**What to work on:** Only one stretch of the records below is wanted: the lines from the one holding "Anxiety (Ft. Tails) Song Comic [Part 1]" through the one holding "The picture is". Return it exactly, both ends included.

**Exercise inputs:**
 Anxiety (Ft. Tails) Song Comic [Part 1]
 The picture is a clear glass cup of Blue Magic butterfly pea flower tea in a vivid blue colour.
* * *
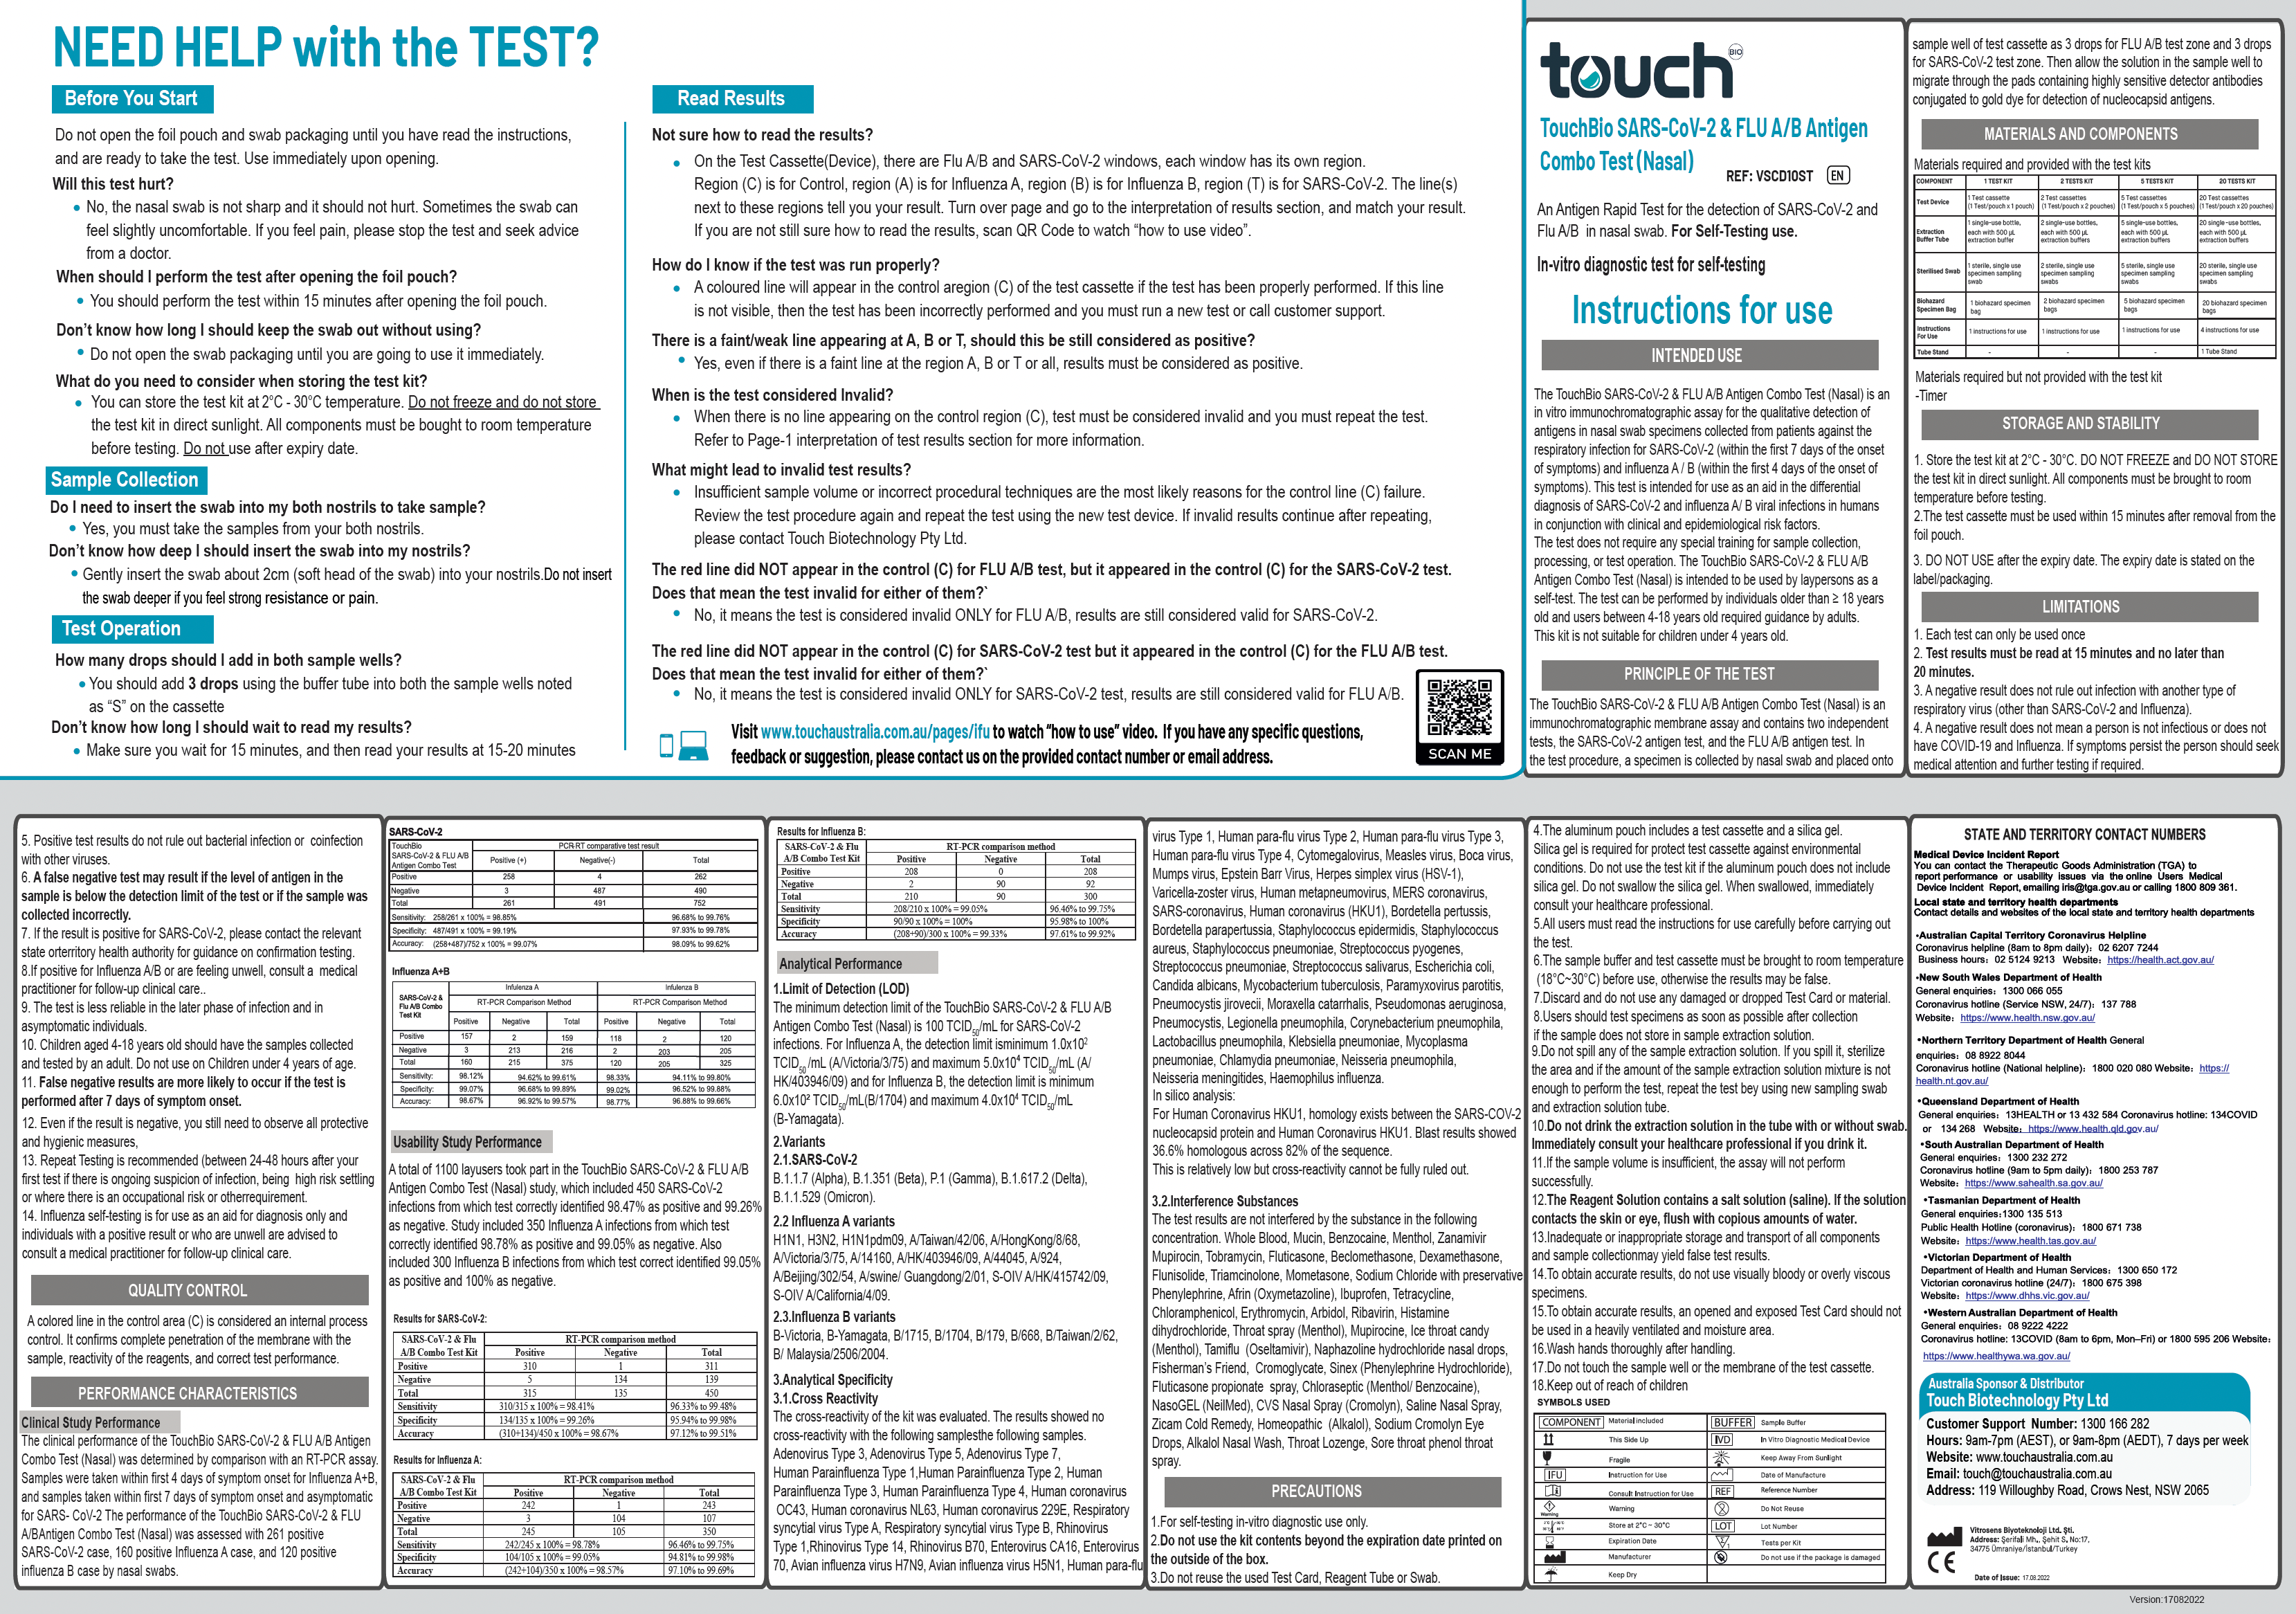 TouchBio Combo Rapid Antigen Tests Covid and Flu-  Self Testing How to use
* * *
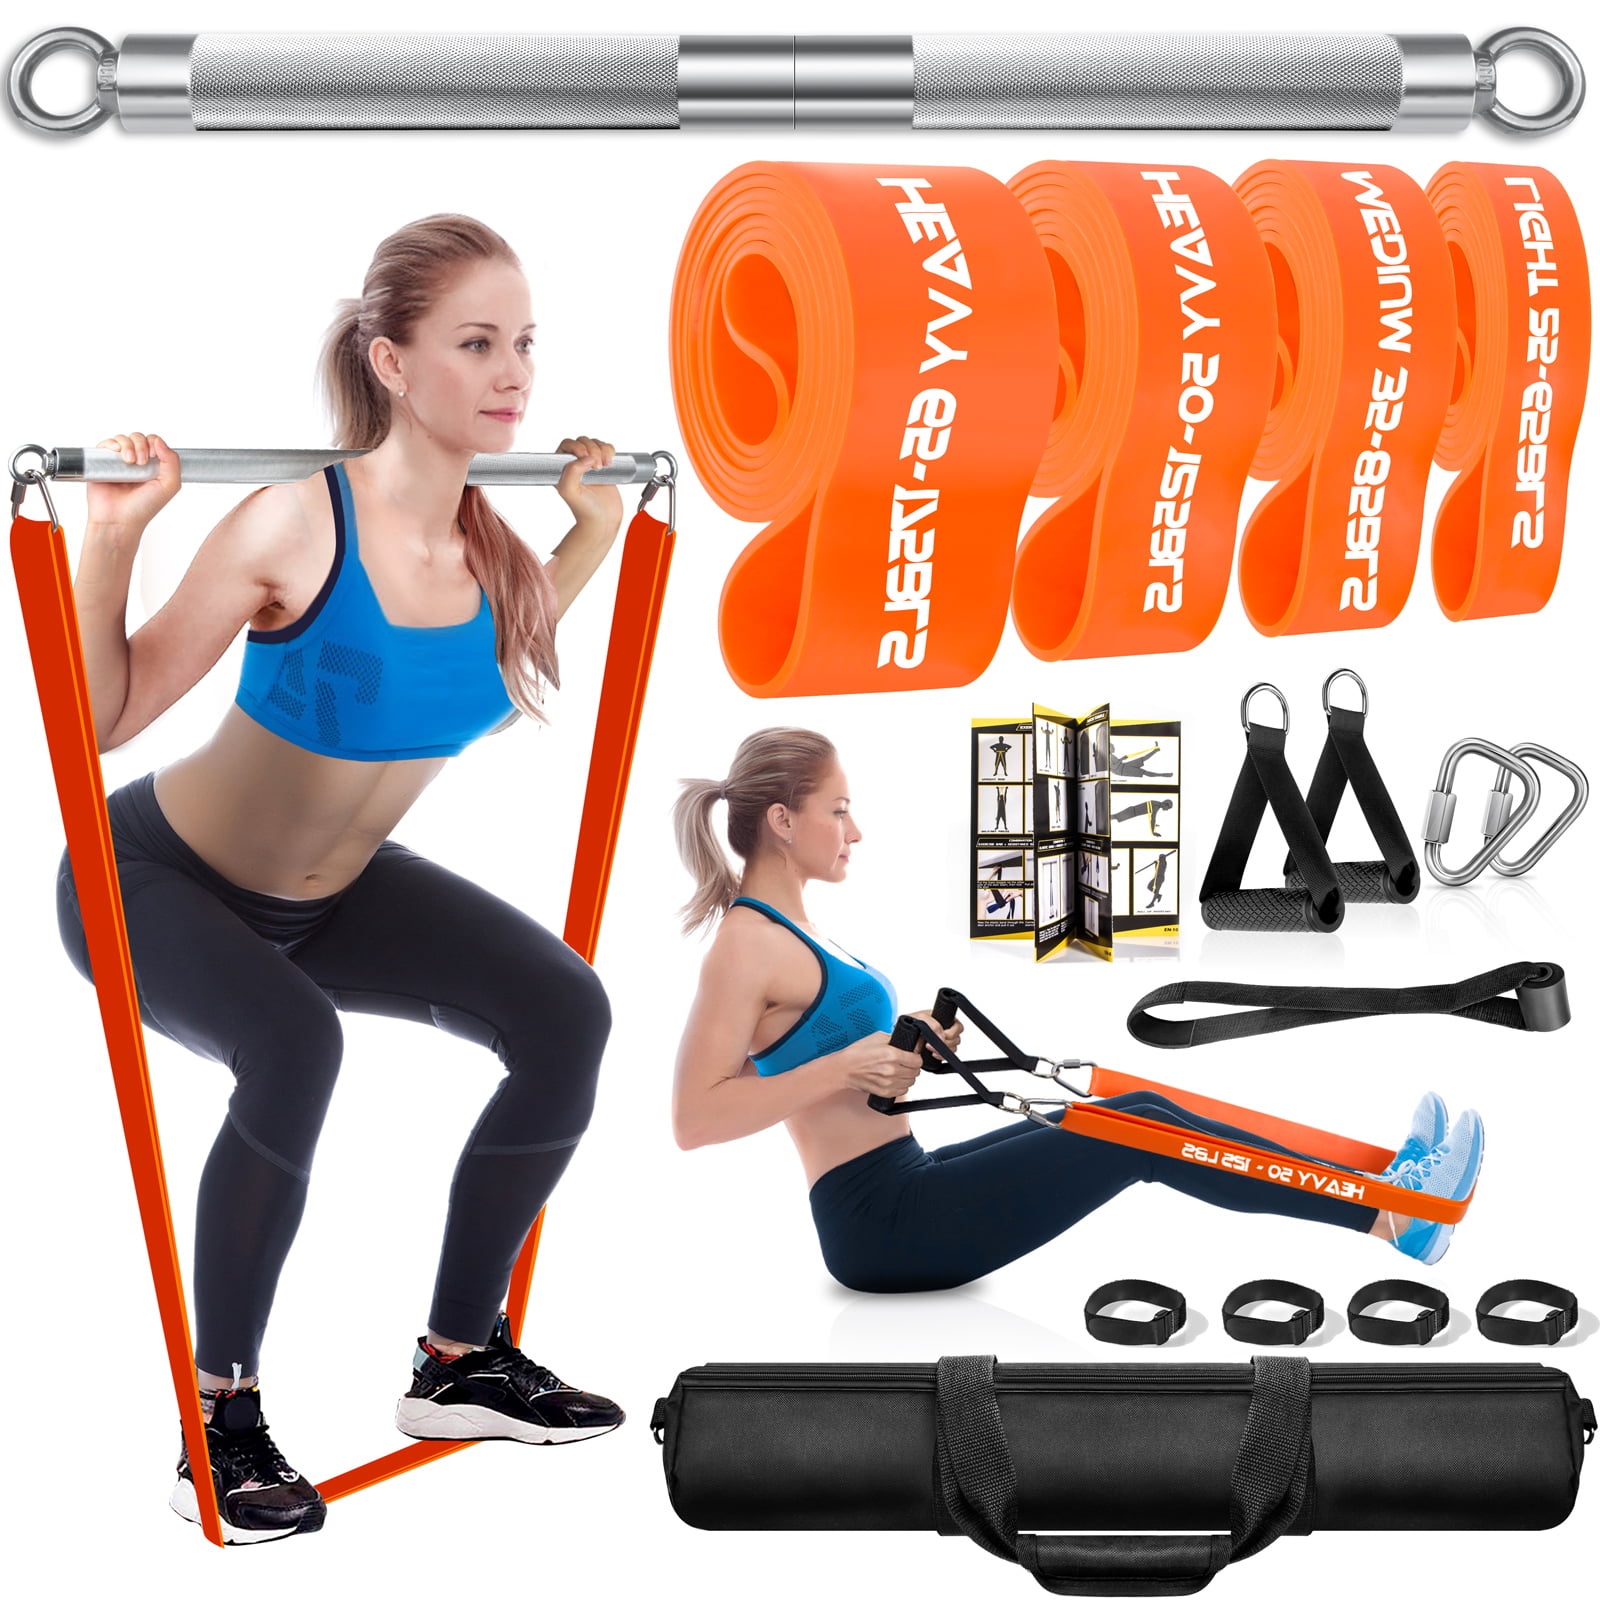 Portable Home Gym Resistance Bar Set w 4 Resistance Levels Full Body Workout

**Exercise output:**
 Anxiety (Ft. Tails) Song Comic [Part 1]
 The picture is a clear glass cup of Blue Magic butterfly pea flower tea in a vivid blue colour.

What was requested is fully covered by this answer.